8. The finned heat exchanger according to claim 1, wherein the fins have a first end located proximally to the inner annulus and a second and opposite end located proximally to the outer annulus, wherein the second and opposite ends have an arc shaped configuration.

9. The finned heat exchanger according to claim 1, wherein the fins have a symmetrical configuration in the radial direction.

10. The finned heat exchanger according to claim 1, wherein the fins have radial lines that pass orthogonally through a central axis of the finned heat exchanger.

11. The finned heat exchanger according to claim 1, wherein the fins are parallel to the axial direction of the finned heat exchanger.

12. The finned heat exchanger according to claim 1, wherein the fins have a 0 degrees twist about the central axis of the finned heat exchanger.

13. The finned heat exchanger according to claim 1, wherein the finned heat exchanger comprises 20 or more fins.

14. The finned heat exchanger according to claim 1, further comprising a second outer chamber, wherein the first outer chamber and the second outer chamber each comprise 10 or more fins.

15. The finned heat exchanger according to claim 1, further comprising a connecting body for connecting the inner annulus to the outer annulus.

16. The finned heat exchanger according to claim 15, wherein the connecting body defines at least one body chamber.

17. The finned heat exchanger according to claim 15, wherein the connecting body defines a first body chamber and a second body chamber, the first body chamber having a diameter that is smaller than a diameter of the second body chamber.

18. The finned heat exchanger according to claim 1, wherein the fins are integrally formed with the inner annulus.

19. The finned heat exchanger according to claim 15, wherein the inner annulus, the outer annulus, the fins, and the connecting body are integrally formed.

20. The finned heat exchanger according to claim 1, further comprising a thermocouple.

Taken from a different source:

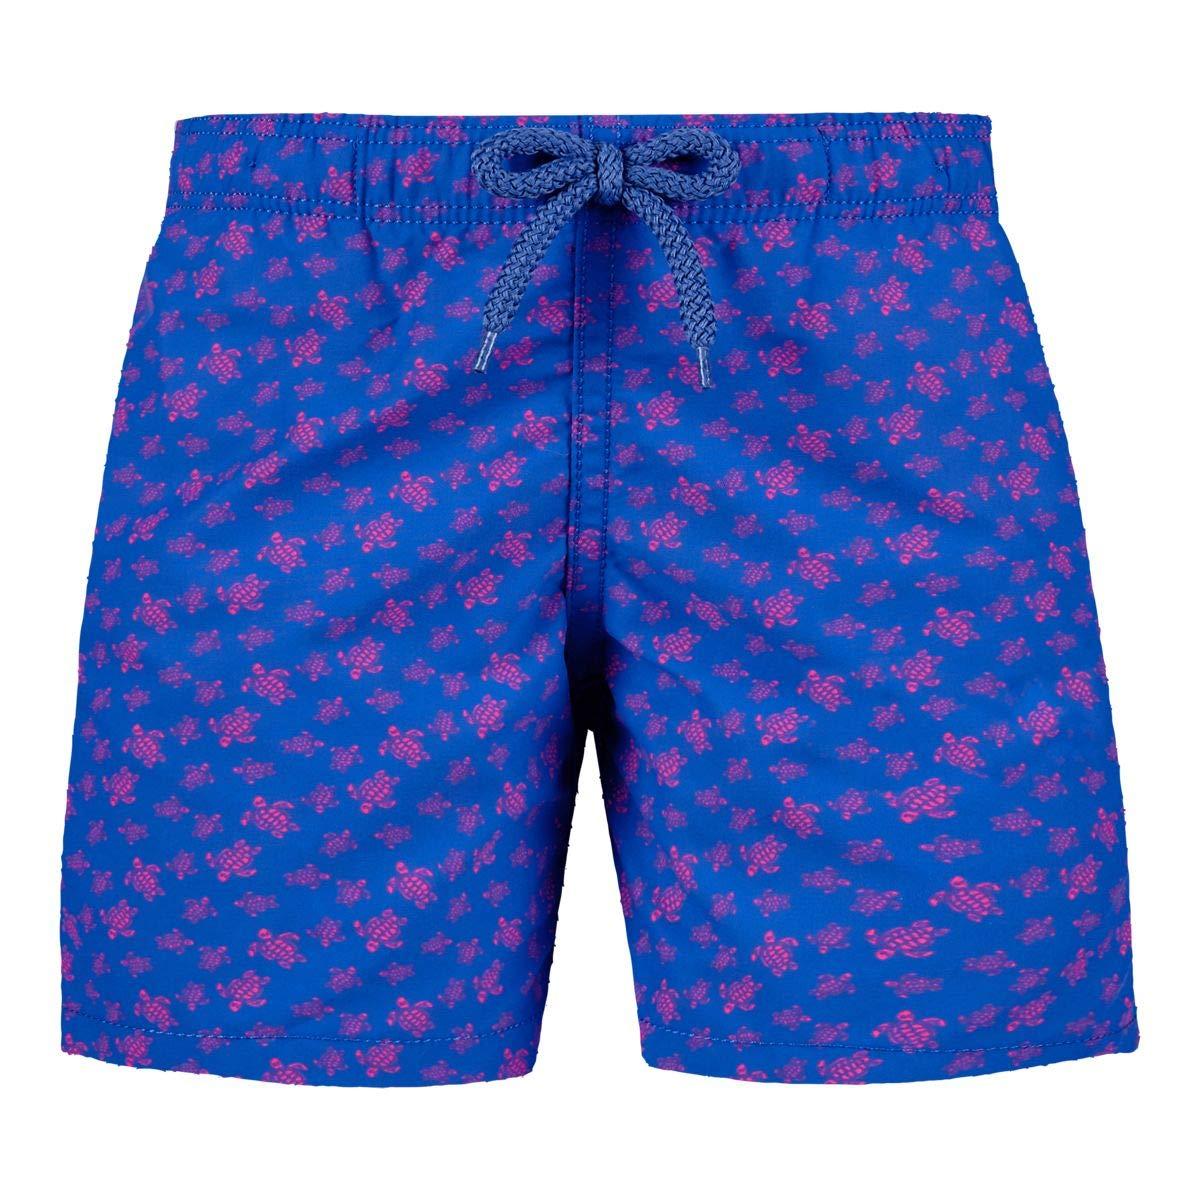 Vilebrequin Big Boys Kids Micro Ronde Des Tortues Swimtrunk-2 yrs, sea Blue, 2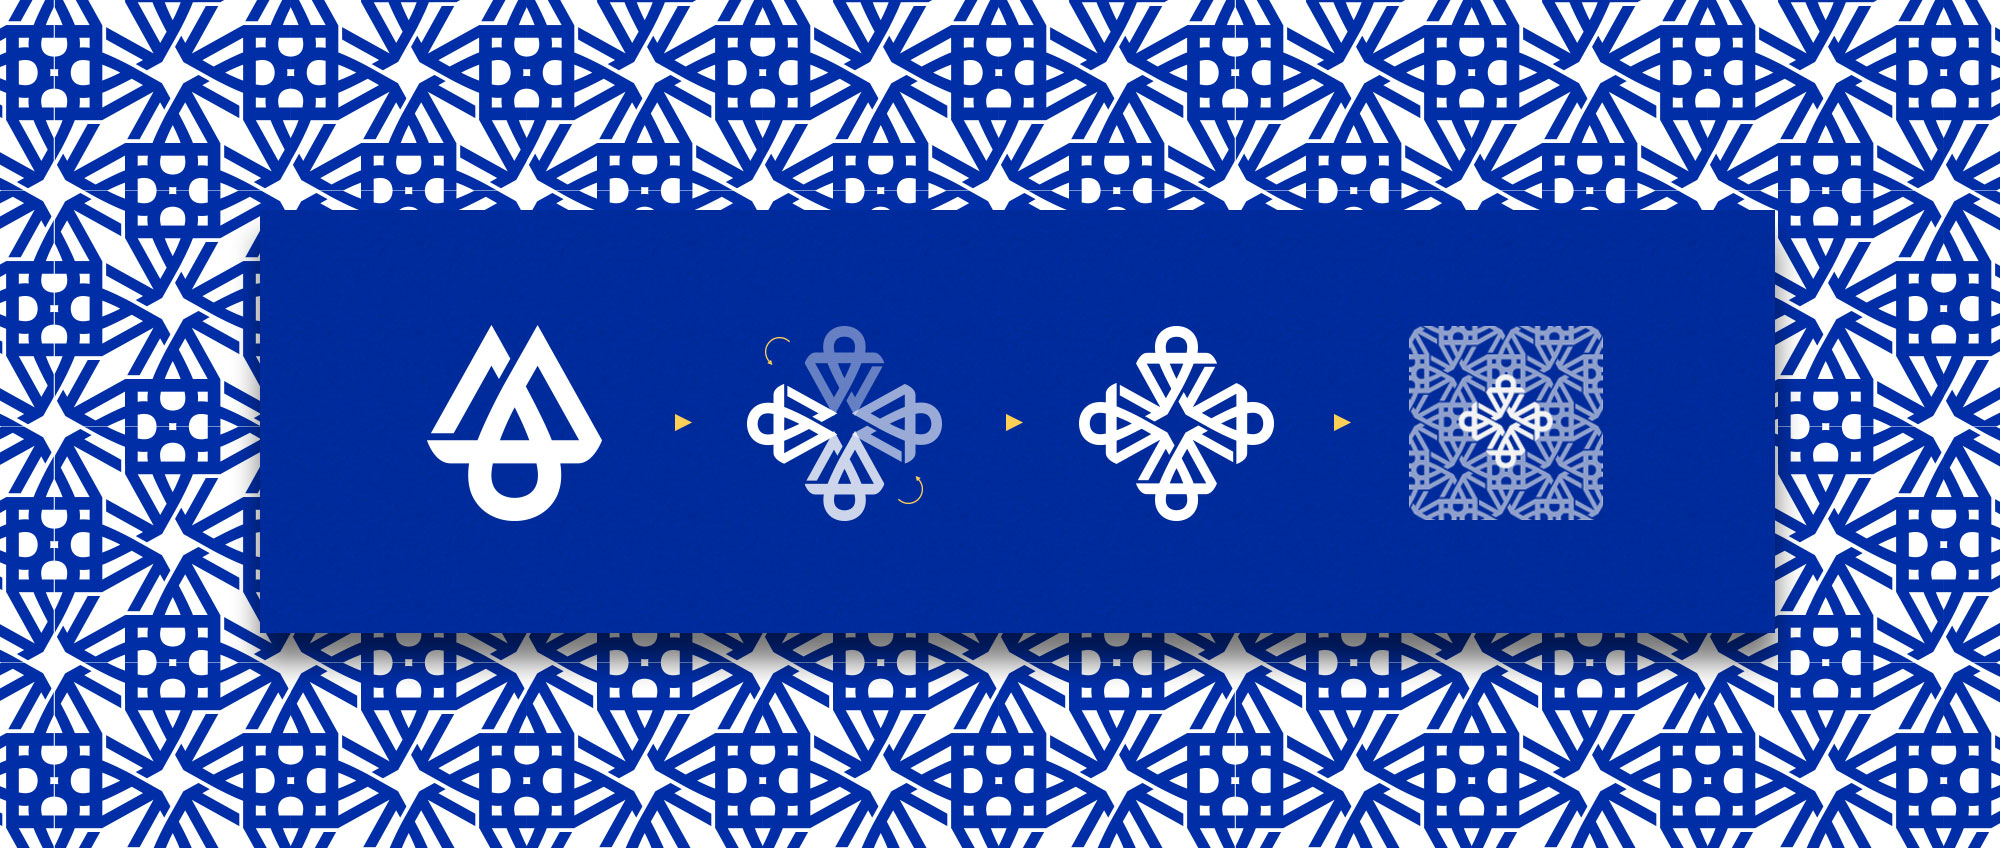 hespress-pattern-blue-mouhtadi-design

21. The finned heat exchanger according to claim 1, further comprising a heating element.

22. A method of heating or cooling a fluid, the method comprising:

transferring a first fluid through the inner chamber and a second fluid through the outer chamber of the finned heat exchanger of claim 1.

23. A method of forming a finned heat exchanger, the method comprising:

using a computer-based system to operate upon data that corresponds to a geometric configuration of the finned heat exchanger of claim 1; and

configuring a forming device to deposit a material and receive instructions related to the data such that upon receipt of the instructions, the forming device builds up the finned heat exchanger with the material.

24. The method according to claim 23, wherein the forming device is a 3-D printer.

25. The method according to claim 23, wherein the material comprises a metal.

26. The method according to claim 23, wherein the material comprises a polymer.